A Positive Trend Towards Water Efficiency In Singapore

Have you ever felt guilty about regularly flushing your toilets thinking that it’s consuming more water than necessary? A lot of articles have been written about the environmental impacts of our flushing habit. However, a recent study in Singapore revealed that showering is actually the top water-consuming activity for residential places, while flushing comes second. Among other high-water demand activities include doing the laundry and washing the dishes. This is revealed by a study released by PUB in early 2018, which they also continue to update year after year.

Fortunately, though, another significant finding from the same study is that most households are now shifting to more water-efficient household products. This was particularly observed among showerheads installed in residences, which are now configured to the most efficient flow-rate. The same positive trend is likewise observed for other appliances and plumbing systems including faucets, water fittings, dishwashers, and washing machines.

As early as 2009, the water agency of Singapore has required all suppliers in Singapore to indicate water efficiency ratings of their products under the Mandatory Water Efficiency Labelling Scheme or MWELS. This is aimed to raise awareness for consumers to be more conscious with the water-efficiency of the household products that they are buying. Singapore has likewise witnessed influx of water-efficient fittings, as well as an appliance in recent years, which officials also attribute to the increasing public awareness regarding this concern.

Way Forward

While there has been significant progress in terms of public awareness, PUB is now more concerned about behaviour change among consumers. The agency recognises that no matter how many water-efficient products enter the market, the decision to be more responsible with water usage remains as an individual choice – and it is these different choices that PUB as an agency encounters challenges. This, especially given the accompanying study of high shower usage of Singapore households. Basically, no matter the adjustment in the flow-rate of the showerhead, without a conscious effort to make shower time faster and more efficient, it will still not have a significant impact on the water conserved.

Among the efforts currently being undertaken by the agency are a series of awareness campaigns. A program called Water Closet Replacement Project was also launched by the agency, replacing old water closets for houses with more efficient ones for free.
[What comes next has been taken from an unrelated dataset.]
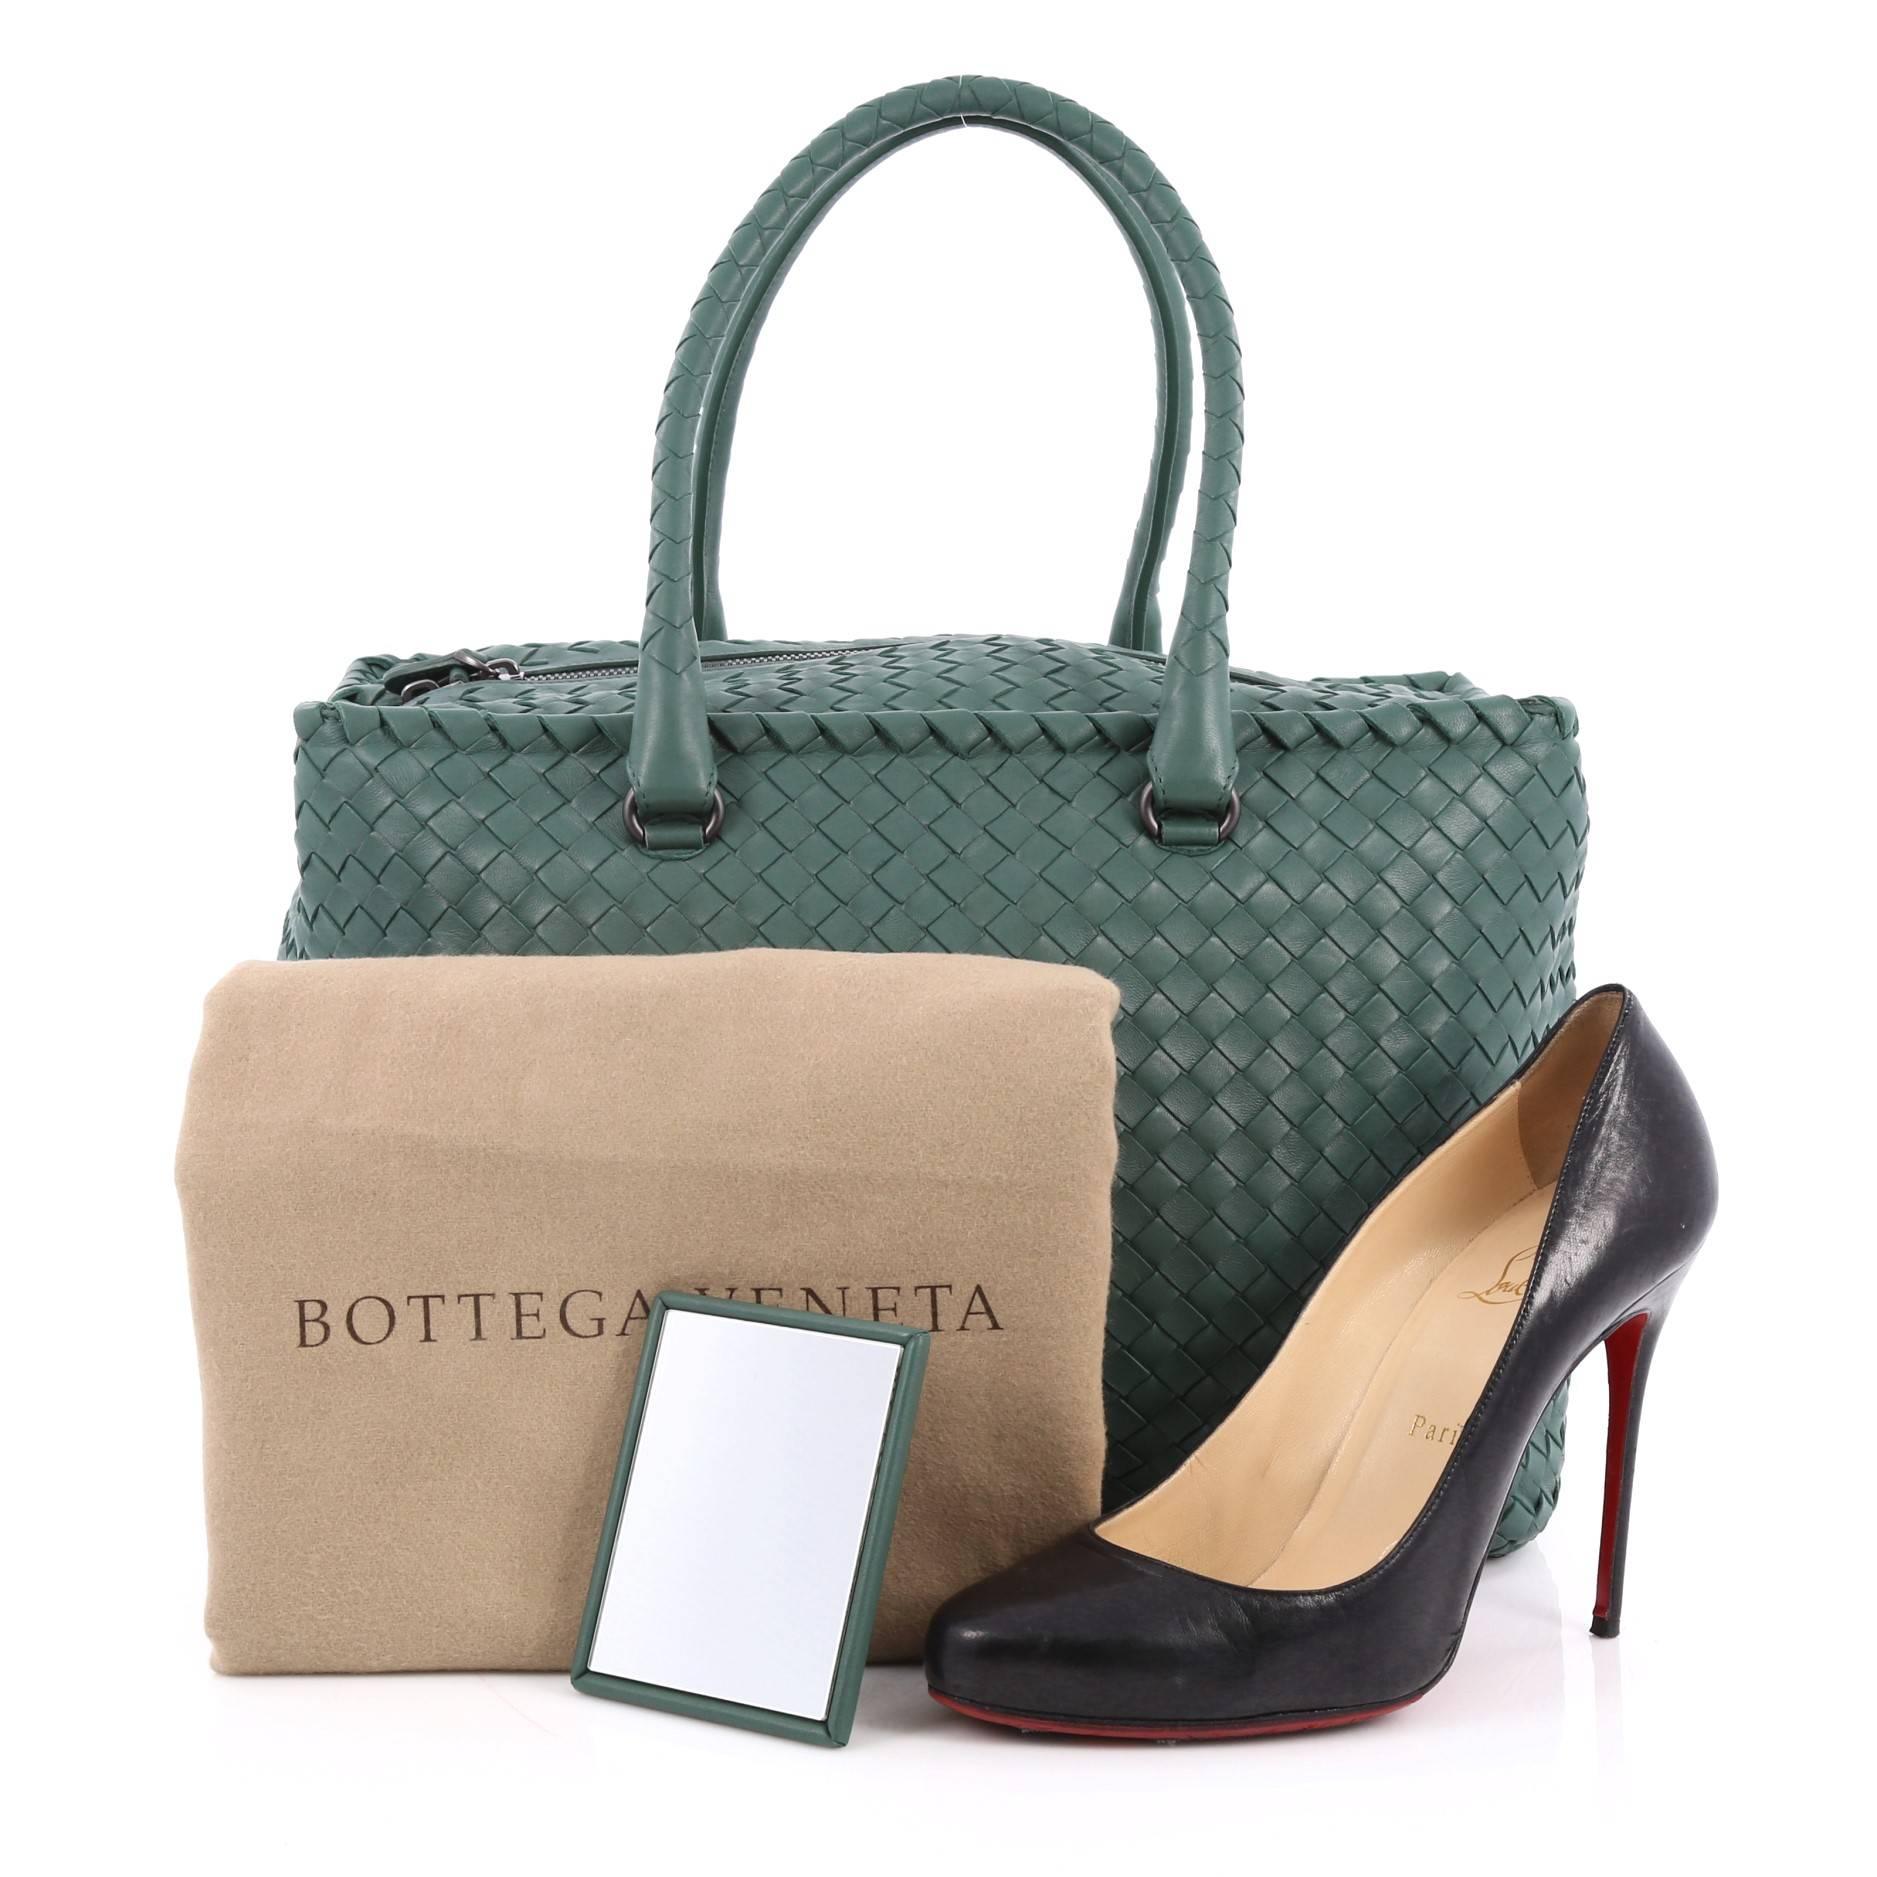 This authentic Bottega Veneta Brick Bag Intrecciato Nappa Medium makes a perfect everyday bag and will fit your everyday style. Crafted from sea green leather woven in Bottega Veneta's signature intrecciato method, this gorgeous bag features

As monitored, a household shifting to this water closet can reduce their usual water consumption up to ten per cent.

Finally, there is also an effort to ensure that new developments, and even those pre-existing ones but are undergoing renovations to have 2-tick water fittings installed. If you belong to this group, make sure to talk with your resident plumber ahead before the old inefficient water fittings get phased out.

These are just some of the concrete efforts that the agency and the rest of the government have been advocating to make conservation a mainstream effort among all households. Most plumbers in Singapore are also well-oriented about these water-efficiency regulations of PUB.